Вездесущий Ленька проводил нас в ресторан «Казино» на Триумфальной площади. Проводил мимо швейцара, с коим обменивался таинственными масонскими знаками, означавшими примерно следующее: ну, мы-то с вами знаем друг друга (Ленька)… А эта публика (швейцар, указывая на нас)?.. Не извольте беспокоиться, эта публика со мной (снова Ленька). Там, в «Казино», за кружкой пива мы просиживали весь вечер, бешено аплодируя Цфасману, солирующему за белым роялем. И нас – как поклонников джаза – не выпроваживали ни швейцар с галунами, нашитыми по рукавам и воротнику полувоенного мундира (всех приучали к военной форме), ни администратор в короткой жокейской безрукавке и роговых очках: такова сила протекции.

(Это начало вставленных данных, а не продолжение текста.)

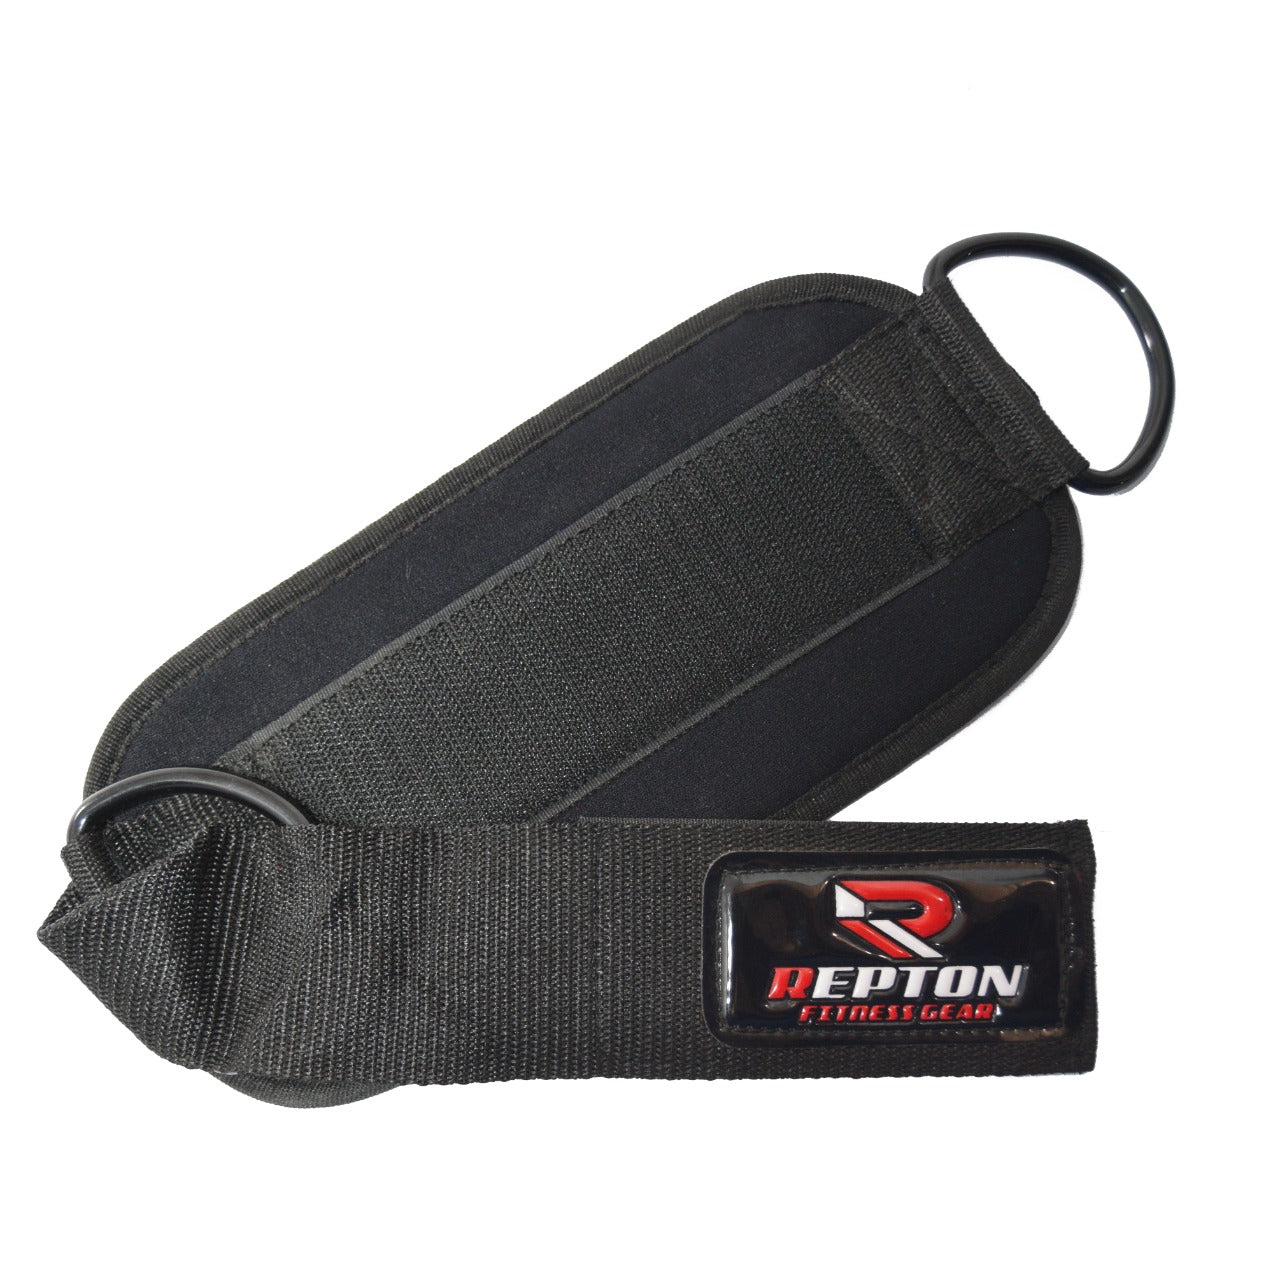 Ankle Straps for Cable Machines Attachments Neoprene Support Repton Fitness Gear

Мы также слушали Цфасмана в фойе кинотеатров «Малая Дмитровка» (позднее театр «Ленком») и «Первый Госкино» (позднее «Художественный»). Туда мы пробирались заранее, чтобы занять первый ряд специально поставленных стульев, и после выступления Цфасмана оставались на киносеанс лишь в том случае, если фильм был не про любовь, а про войну. При этом нас с Любкой дразнили и подкалывали: мол, нам, конечно же, хотелось про любовь…
Разумеется, мы всячески наседали на Леньку, чтобы он познакомил нас с мэтром – самим Александром Наумовичем Цфасманом, нашим идолом и кумиром. И Ленька обещал, клялся, божился, но все откладывал: после, после, вот он вернется с гастролей… вот он отыграет новую премьеру… Но дело было не в гастролях и премьере. Ленька наслаждался тем, что он единственный был вхож к Цфасману в дом благодаря дружбе с его сыном и не хотел делиться с нами этим правом, старался оттянуть, отсрочить.
Но была и еще причина: обязательства Леньки перед другом, коего он очень хорошо понимал, и хотя тот не всегда был с ним откровенен, Ленька о многом догадывался.